Purpose of the Study:

  • To evaluate the predictive performance of five machine learning models (LR, DT, RF, XGBoost, SVR) for Air Quality Index (AQI) forecasting.
  • To identify the most influential features for AQI prediction.
  • To develop an interpretable and reproducible ML framework for air quality management.

Main Methods:

  • Utilized the UCI ML Repository's Air Quality dataset, performing pre-processing, feature engineering, and chronological splitting.
  • Trained and rigorously tuned five ML models: Linear Regression (LR), Decision Tree (DT), Random Forest (RF), Extreme Gradient Boosting (XGBoost), and Support Vector Regression (SVR).
  • Assessed model performance using RMSE, MAE, and R2, with statistical significance confirmed via bootstrap confidence intervals and t-tests.
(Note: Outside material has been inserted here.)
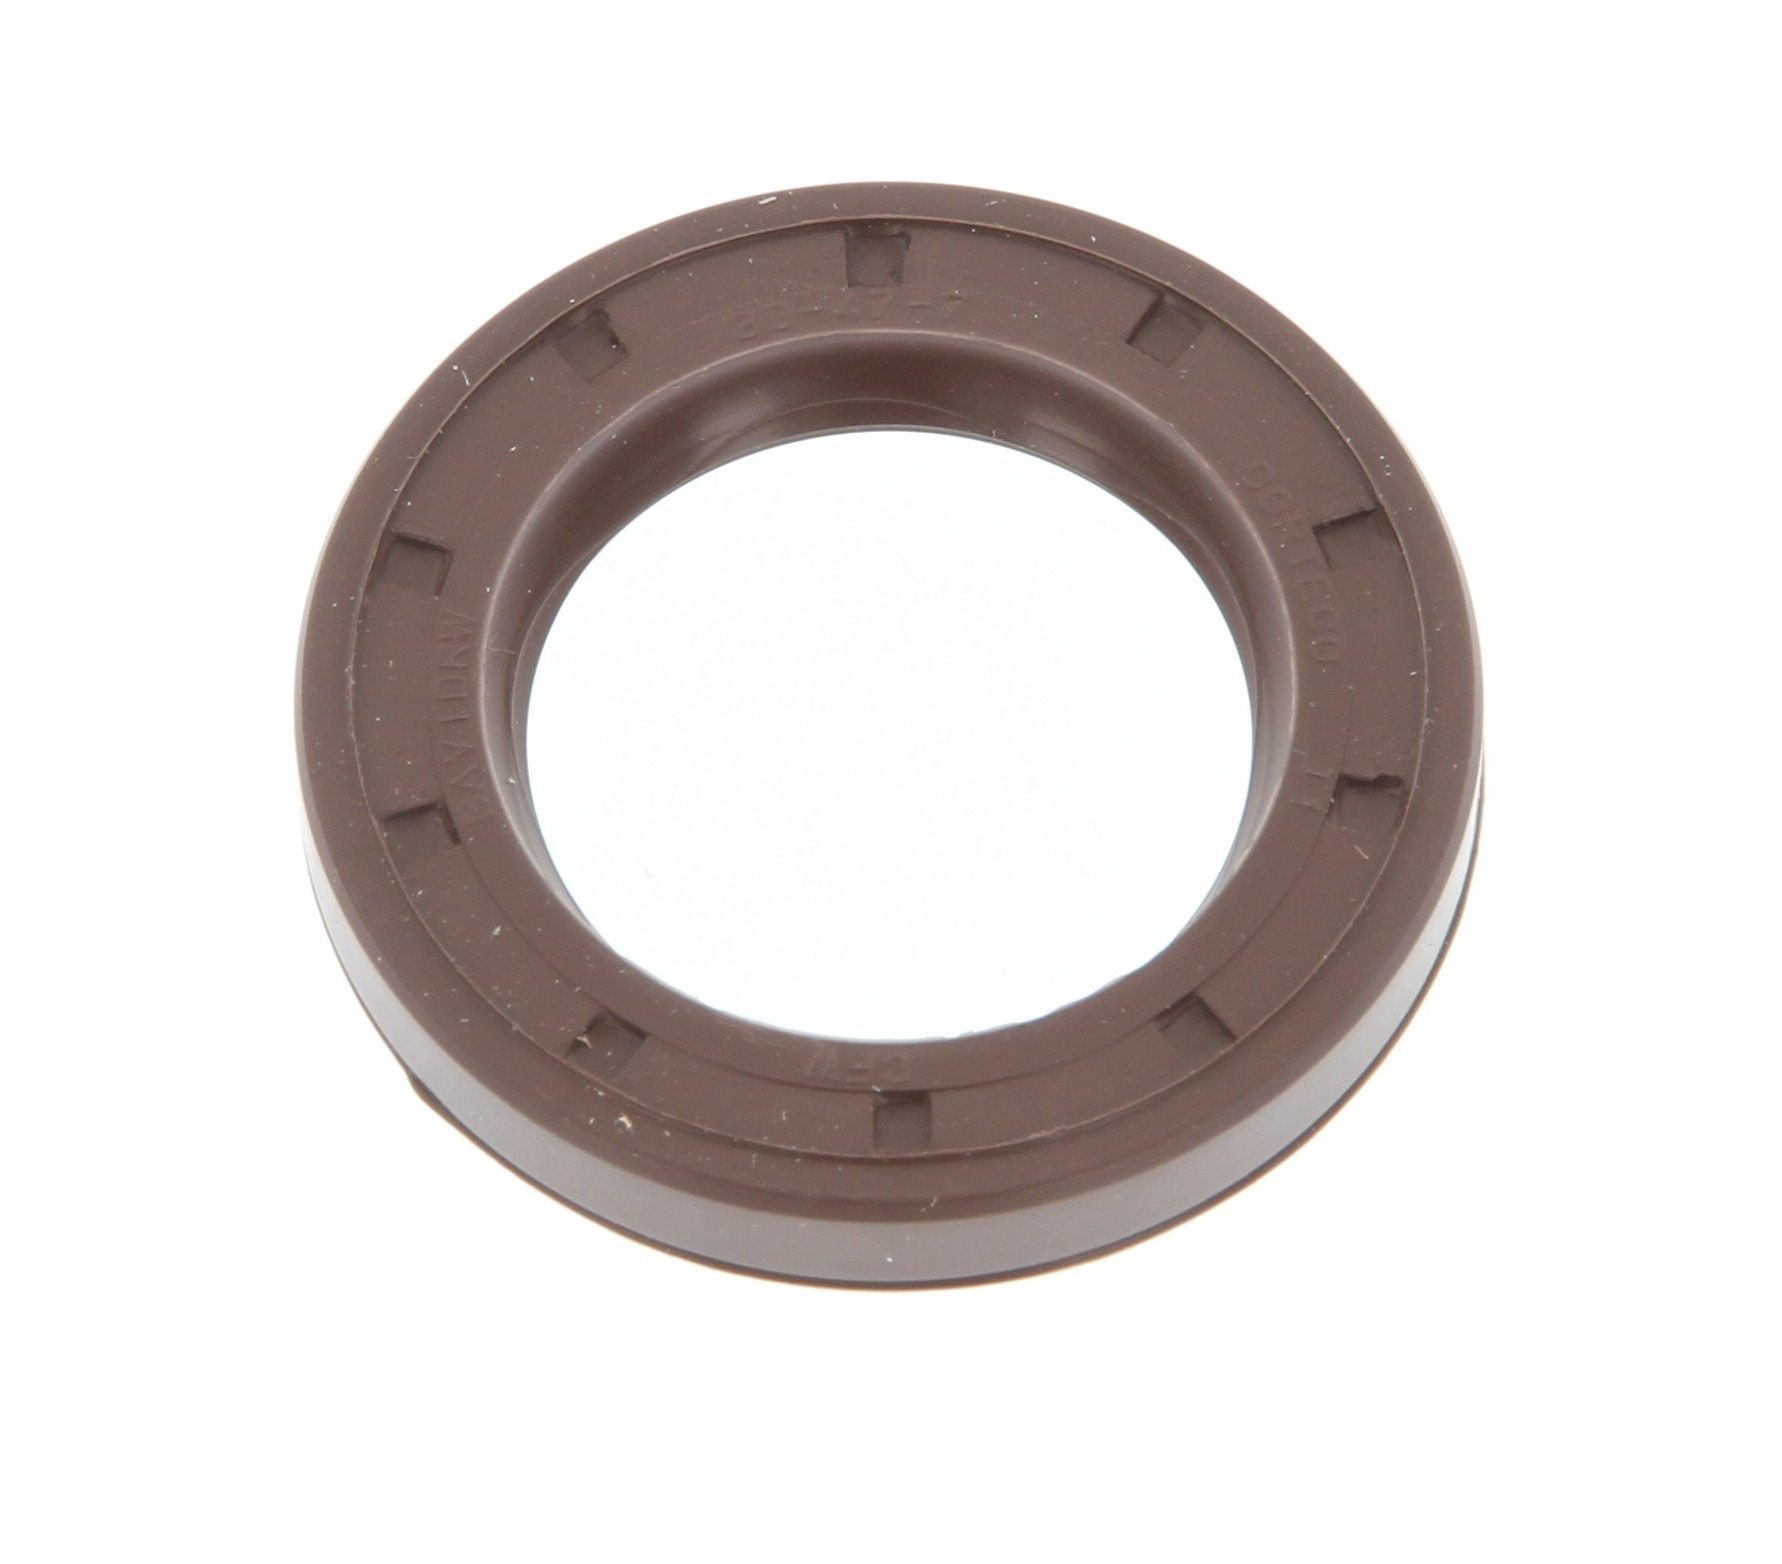 Ford MONDEO Camshaft oil seal 2093138 CORTECO 12001192B online buy

Employed SHAP for interpretability.

Main Results:

  • Ensemble models, specifically Random Forest and XGBoost, demonstrated superior performance in AQI forecasting.
  • Random Forest achieved the lowest Root Mean Squared Error (RMSE) of 12.48 and Mean Absolute Error (MAE) of 9.35.
  • XGBoost yielded the highest coefficient of determination (R2) of 0.89. NOx, PM2.5, and CO were identified as key predictors.

Conclusions:

  • Interpretable machine learning models provide a reproducible and efficient framework for AQI forecasting.
  • The study underscores the value of benchmark datasets for validating ML methodologies in environmental science.
  • Findings support the application of ML for smart city air quality management and public health policy development.